● WHAT TO PRODUCE: Using the data that follows, output only the lines from the line with "1958-09 Arthur Jeffress" up to and including the line with "Fremont Toyota Service", exactly, leaving pictures aside.

● DATA:

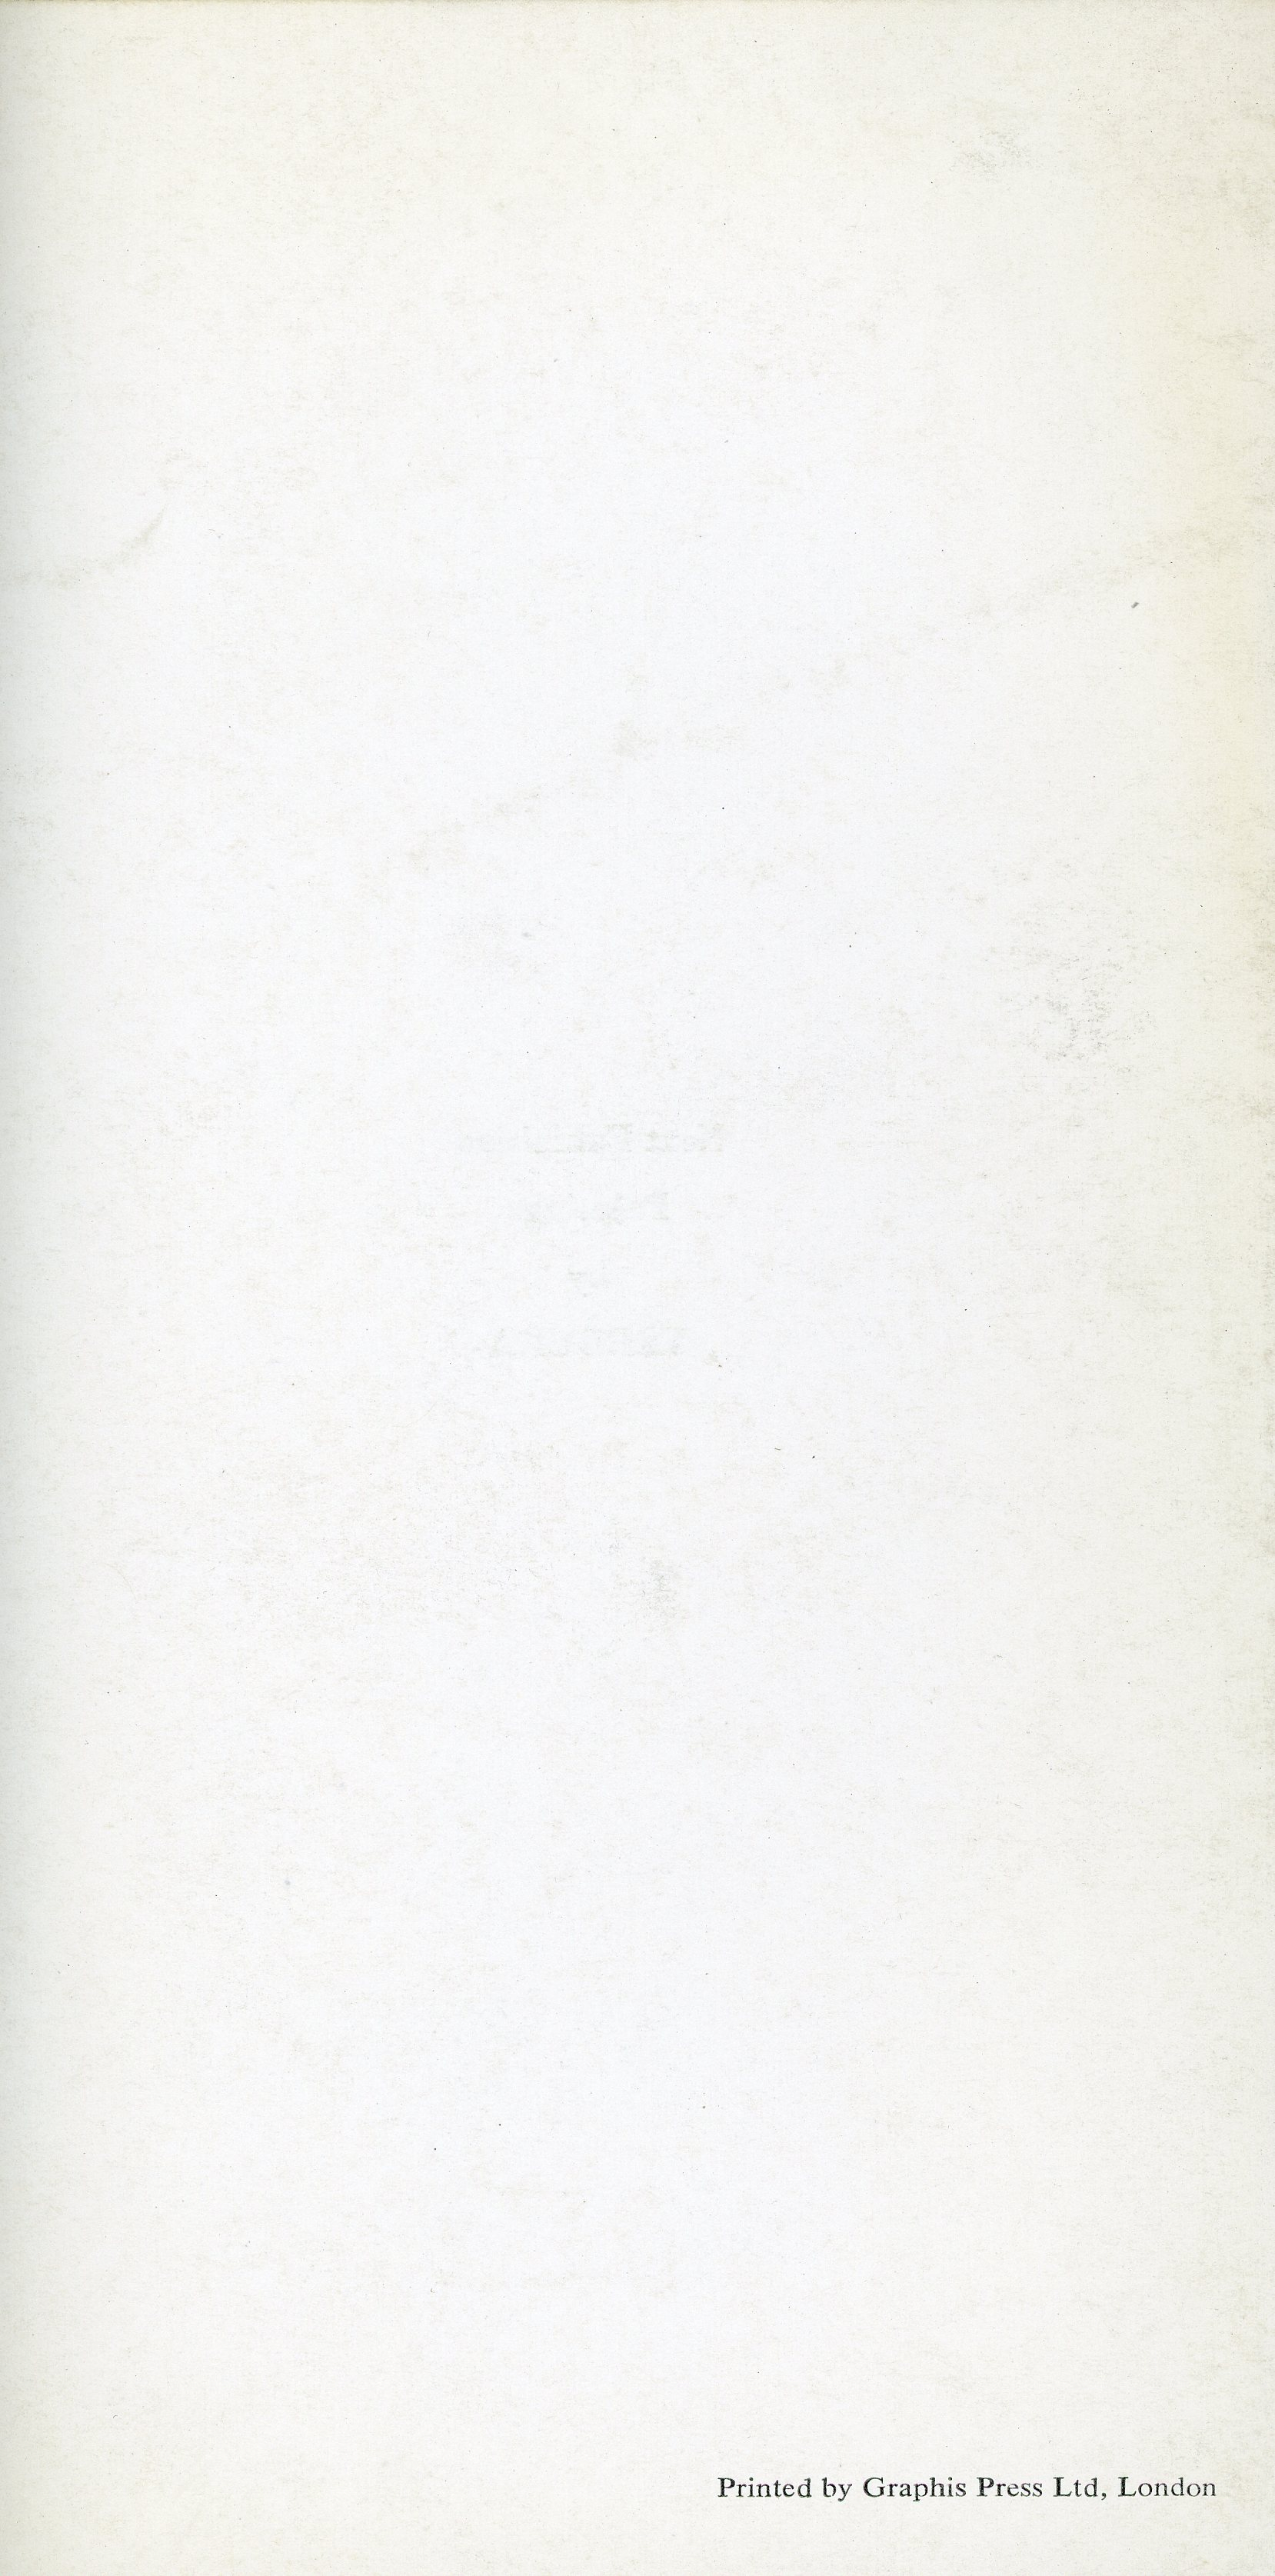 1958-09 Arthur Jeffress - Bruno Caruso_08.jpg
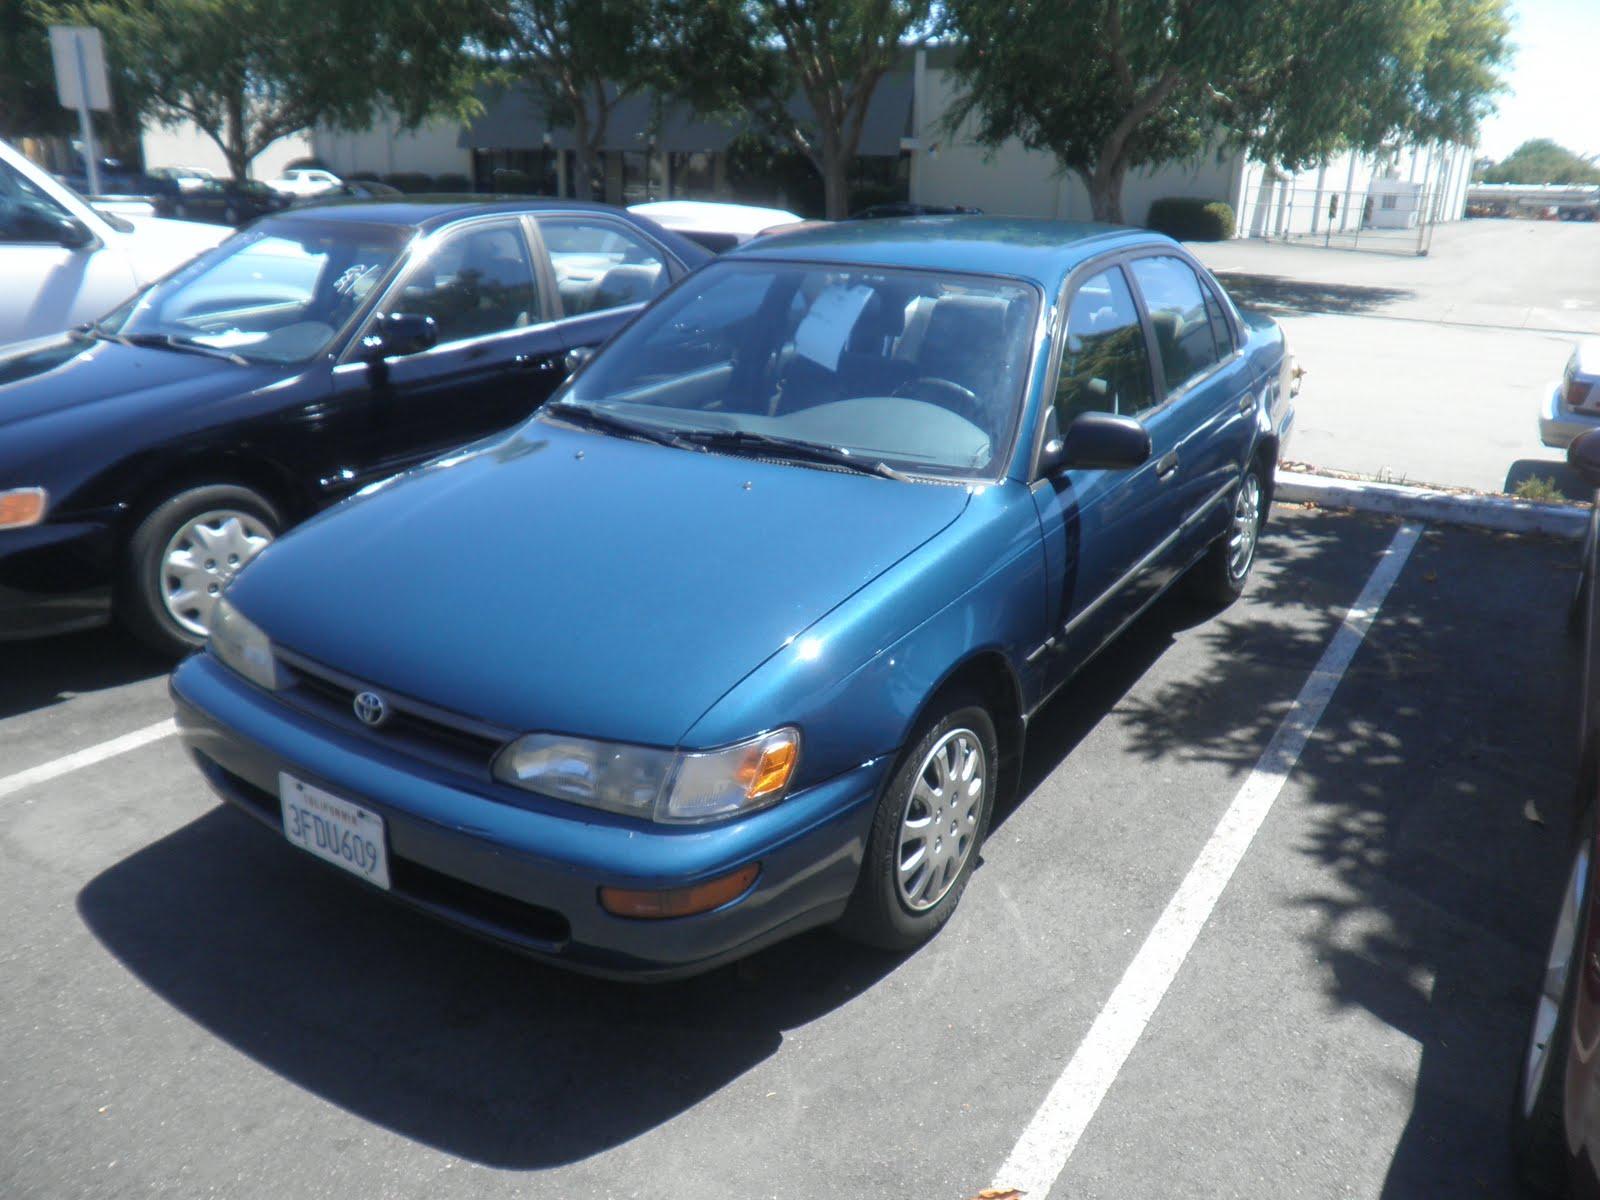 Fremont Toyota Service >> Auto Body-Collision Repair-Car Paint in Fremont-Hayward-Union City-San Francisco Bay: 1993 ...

* * *

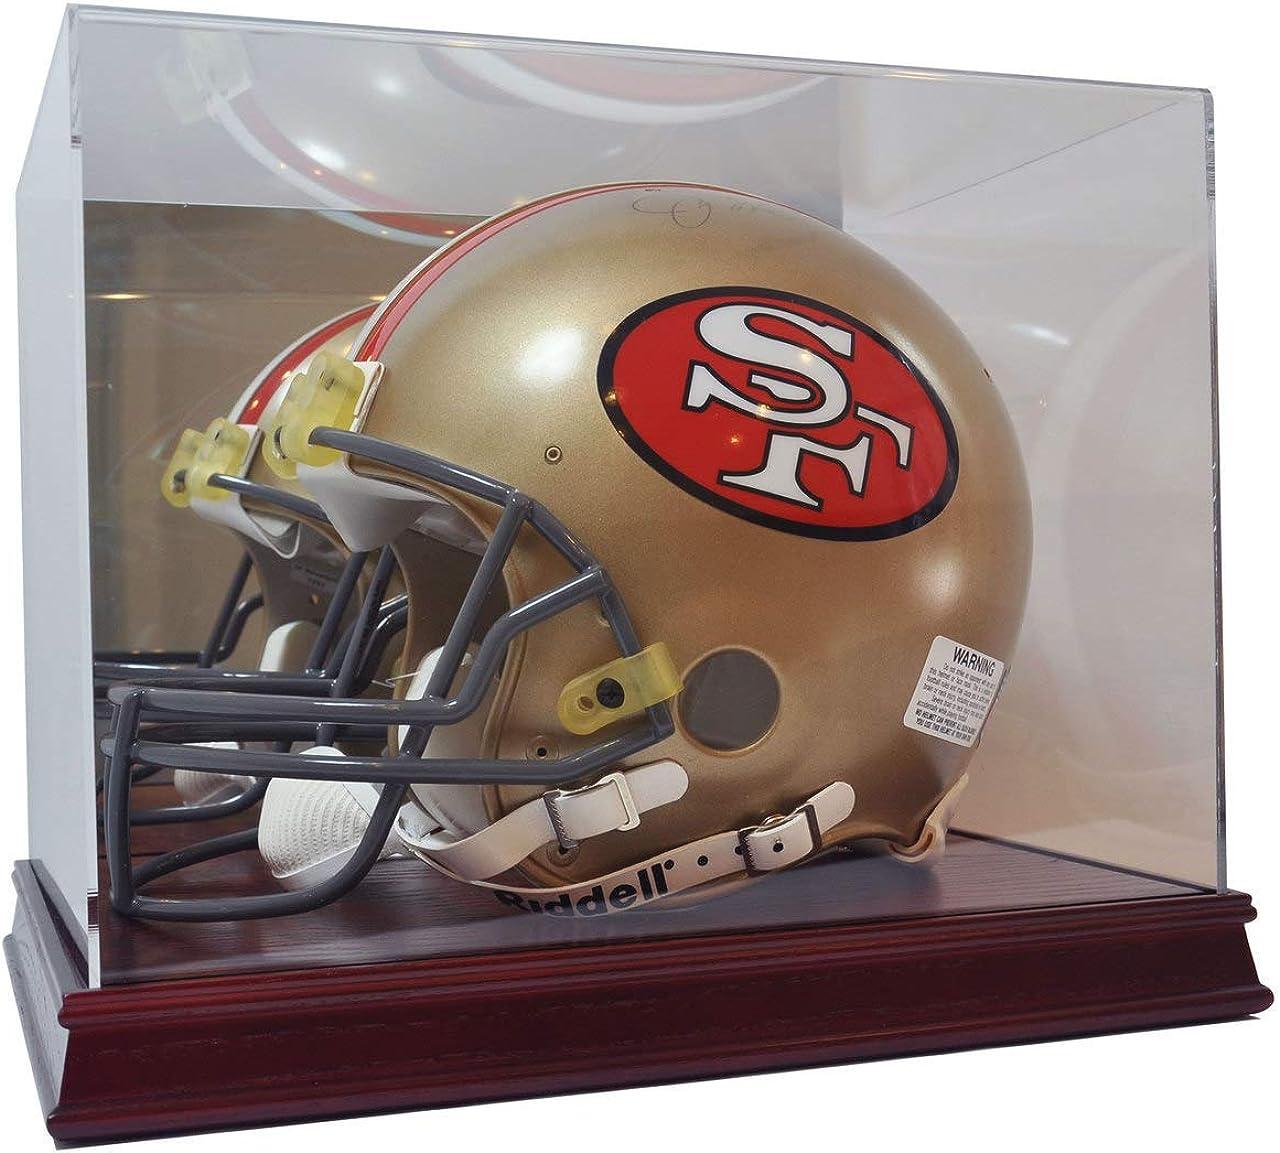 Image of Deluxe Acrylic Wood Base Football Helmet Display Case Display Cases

● FINISHED EXERCISE:
 1958-09 Arthur Jeffress - Bruno Caruso_08.jpg
 Fremont Toyota Service >> Auto Body-Collision Repair-Car Paint in Fremont-Hayward-Union City-San Francisco Bay: 1993 ...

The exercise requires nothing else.